这名女子武功显然比这二十余名士兵武功要高出很多,转眼间已经有五名士兵倒在地上,就在这时后方的士兵趁她不备已经绕到了她的后方形成包围之势,女子将枪头指向地面猛地一戳,整个人借着力量跳了起来猛地要给前方士兵一脚,并欲借此瓦解掉包围之势,这一脚向前之力动作迅猛,比她的枪法还要快上些许,前方士兵眼见这一脚就要踢中面门,避无可避,但也就在这个时候这女子忽然摔在地上。
原来她支在后方的枪被另一名士兵打偏,这一脚全凭支在地上的枪为支点,这支点一失,自然会摔倒,刚刚着地,四名士兵的刀也随之砍下,眼看这把刀在这名女子的瞳孔中越来越近,生命即将要宣告结束,突然一块好大的石块飞过来砸中一名砍下的士兵,士兵应石“啊”了一声向前扑到,另几名士兵连忙收刀怕伤到这名同伴,就在这时女子从这四名士兵乱成一片的圈中跑了出来。
只见圈外一名身穿淡黄色衣服手持双剑的女子闯了进来又把白衣女子拉到旁边大喊道:“你怎么回事!我刚买完干粮回来找你发现你人不见了,还好我及时赶过来要不然你的命都没了!”白衣女子道:“这些家伙仗势欺人,你管不管?”黄衣女子气道:“我都出手了还有办法不管吗?这帮家伙是什么来头?”白衣女子想了一会道:“好像说是什么刘知远的儿子。”黄衣女子一愣:“什么?算了被你害死了!打!”
原本白衣女子一人对战二十余人因有后顾之忧,故不能全力施展,现在两人互相为对方作后盾自然要比适才更有优势“主要打他们的腿,莫要伤及性命”白衣女子突然喊到,黄衣女子听到后没好气道:“要你说吗?本来帮你这一把以后最多就是不在河东做生意了,现在我要是再杀人,我可不想被全天下追杀!”
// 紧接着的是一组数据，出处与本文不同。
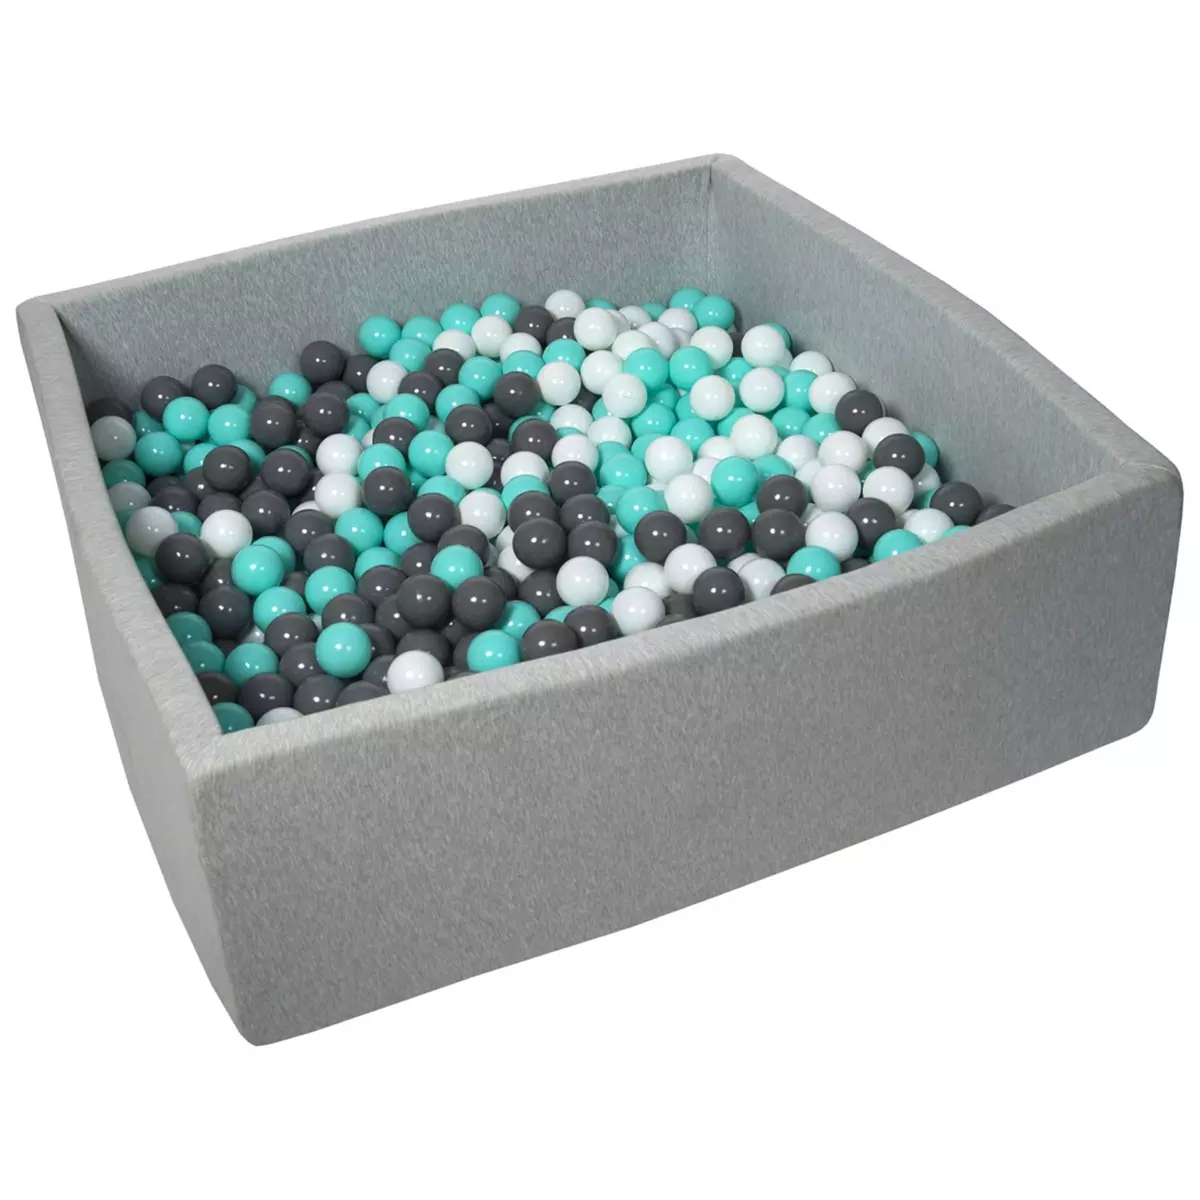  Piscine à balles pour enfant, 120x120 cm, Aire de jeu + 900 balles blanc, gris, turquoise

顷刻间,这二十余名士兵能站起来的已经不到十人,虽说只剩下不到十人,但是二人已经气喘吁吁,而这几人却仍是体力充沛,兼且在旁还有个一直得意地观战的刘承训,他是刘知远的儿子,武功就算不济,也得到过刘知远的真传,刘知远的刀法不论是现在的石晋,还是契丹,亦或是南国,只怕没有人会不知道刘知远的刀法,如果刘承训出手绝对会让她们大吃苦头,再者,她二人不能杀人,而这些士兵则处处想要她们的性命,这种情况下就算刘承训不叫援兵,她二人亦是犹如俎上鱼肉,更何况在这河东刘知远的地界,这种情况下虽说黄衣女子满嘴是被白衣女子害死的话语,却仍未撇下她逃走,已足见其义气。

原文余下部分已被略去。